## AIM OF THE EXERCISE
Wherever a picture appears, skip it and retype the rest of the data exactly.

## RECORDED INFORMATION
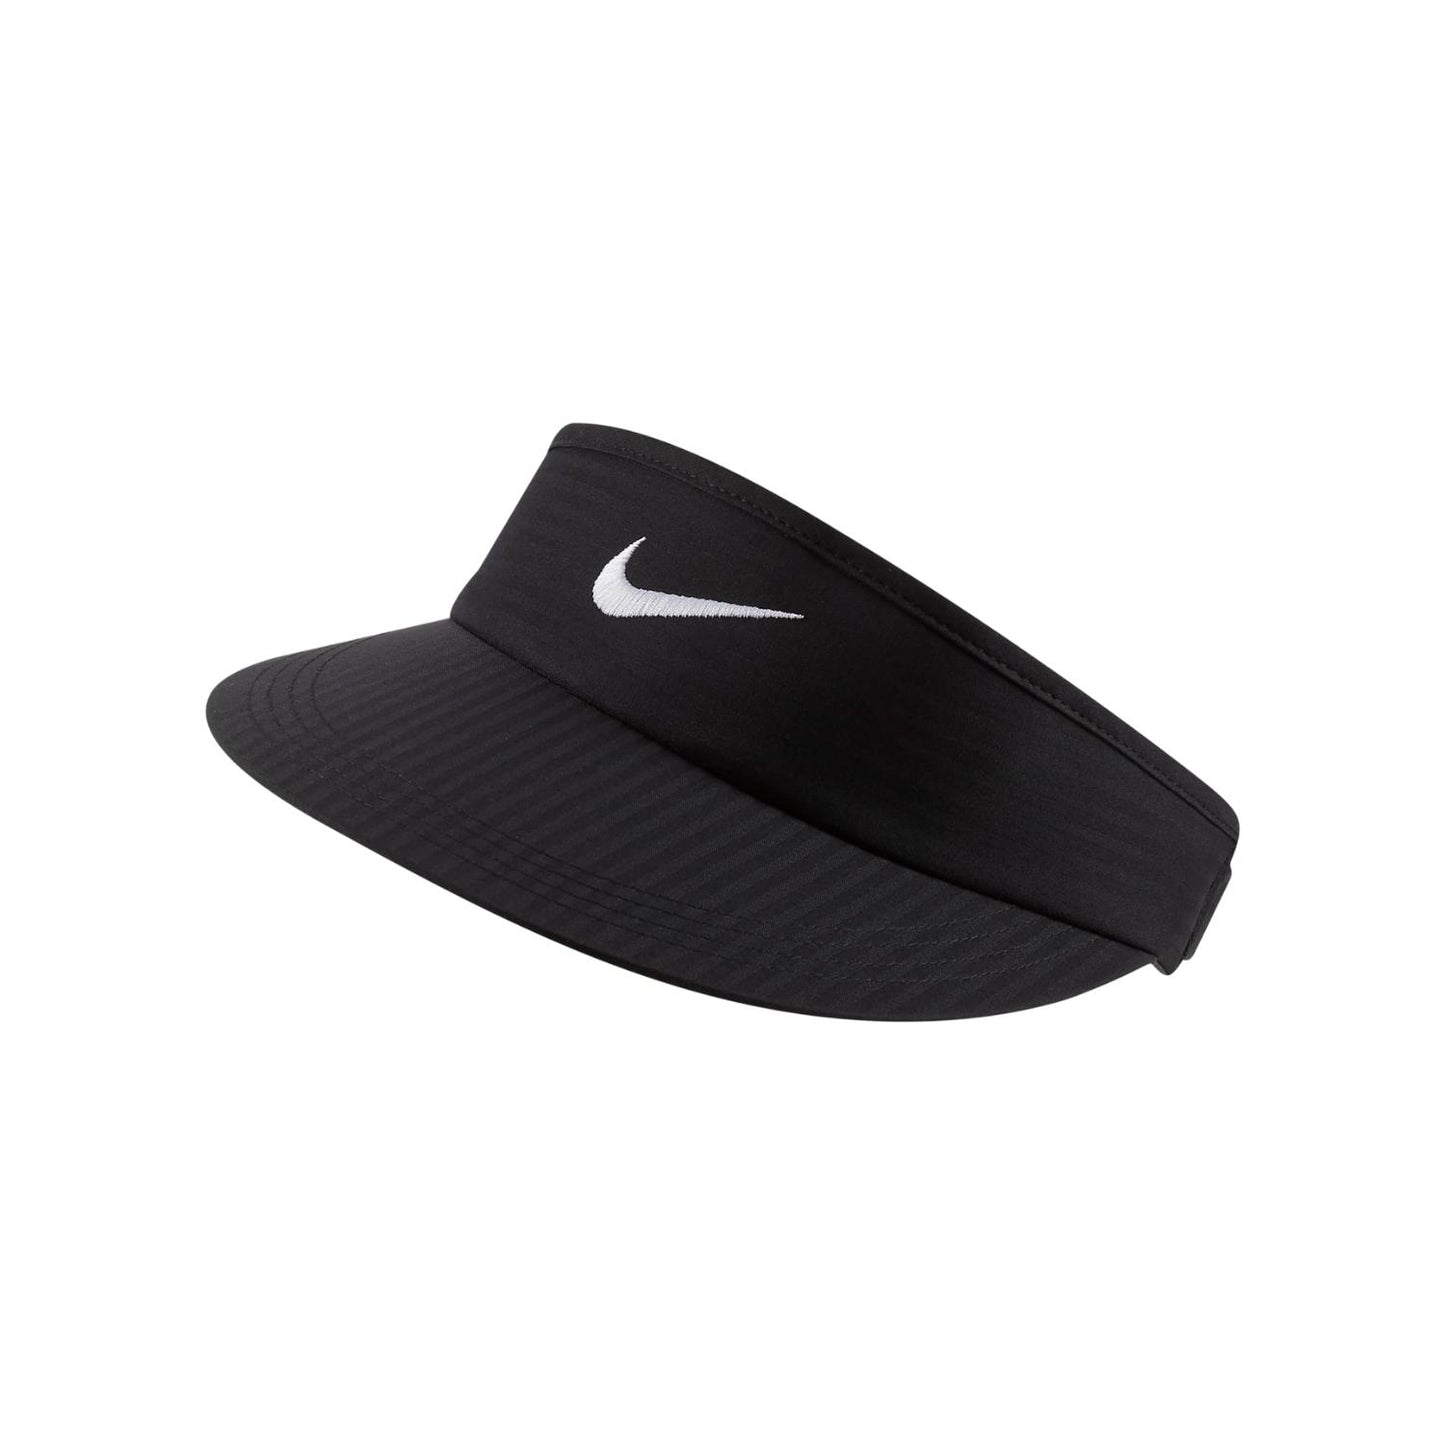 Nike visor
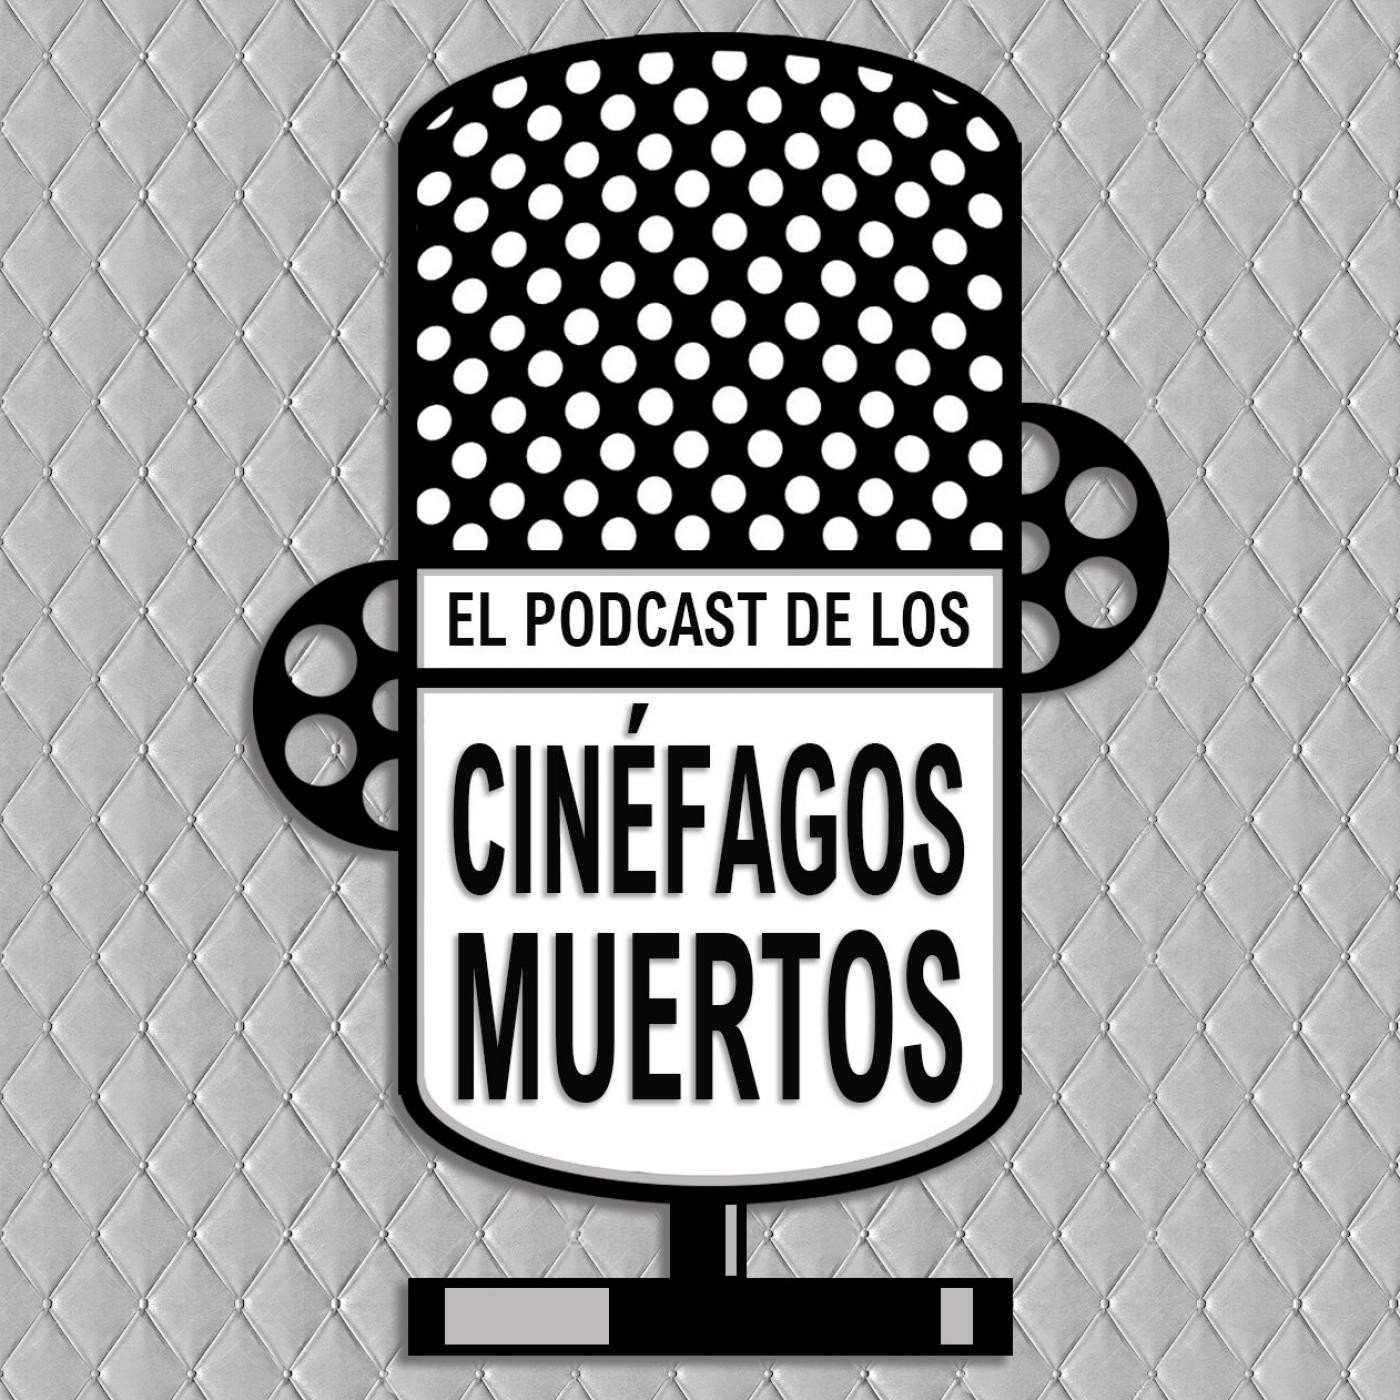 El podcast de los cinéfagos muertos
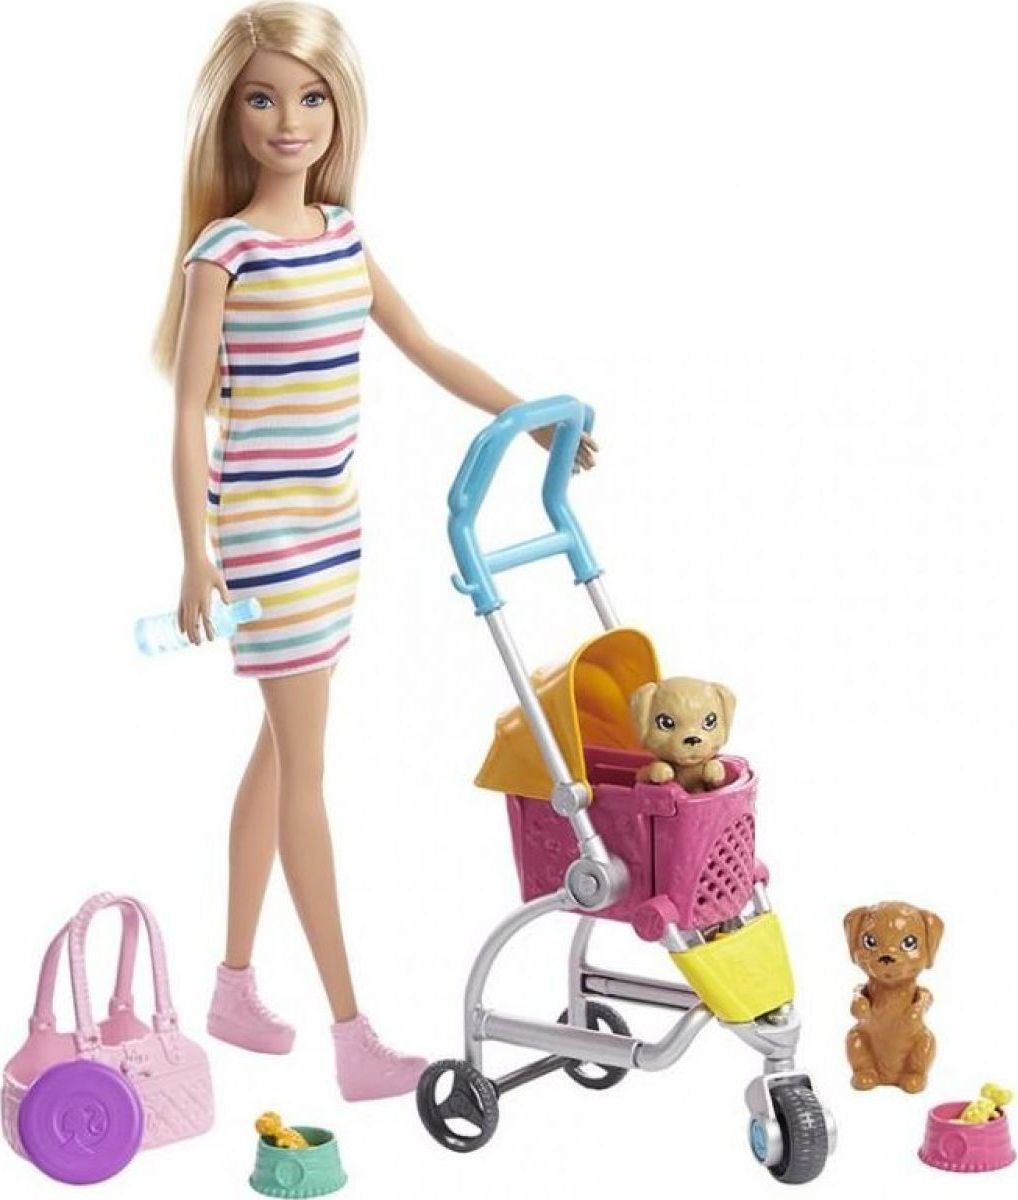 Barbie panenka na vycházce s pejskem - obrázek 1
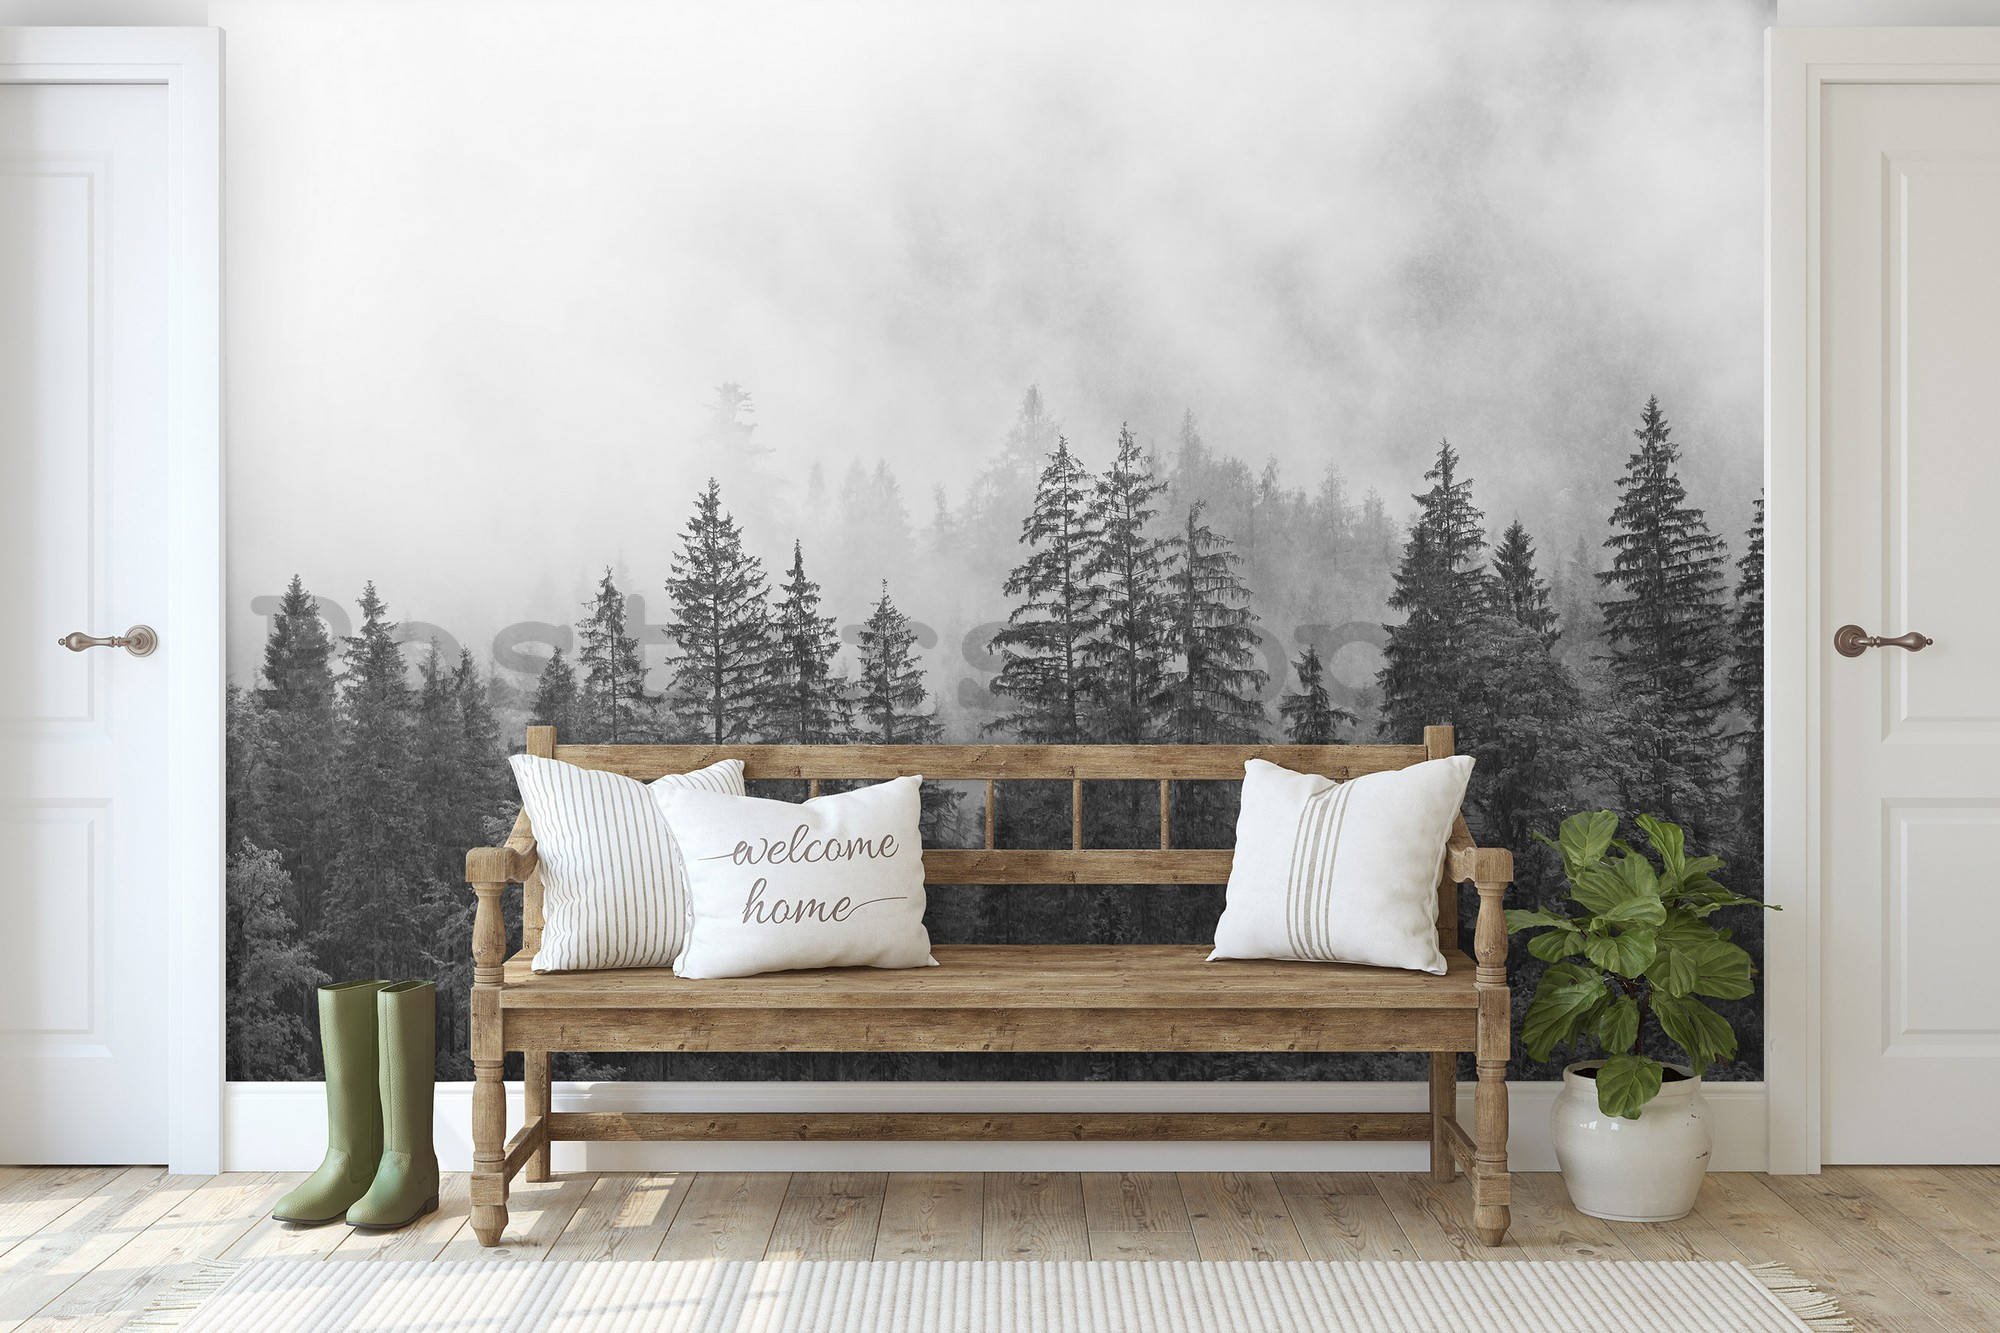 Fototapeta vliesová: Mlha nad černobílým lesem - 254x184 cm

## SOLUTION TO THE EXERCISE
 Nike visor
 El podcast de los cinéfagos muertos
 Barbie panenka na vycházce s pejskem - obrázek 1
 Fototapeta vliesová: Mlha nad černobílým lesem - 254x184 cm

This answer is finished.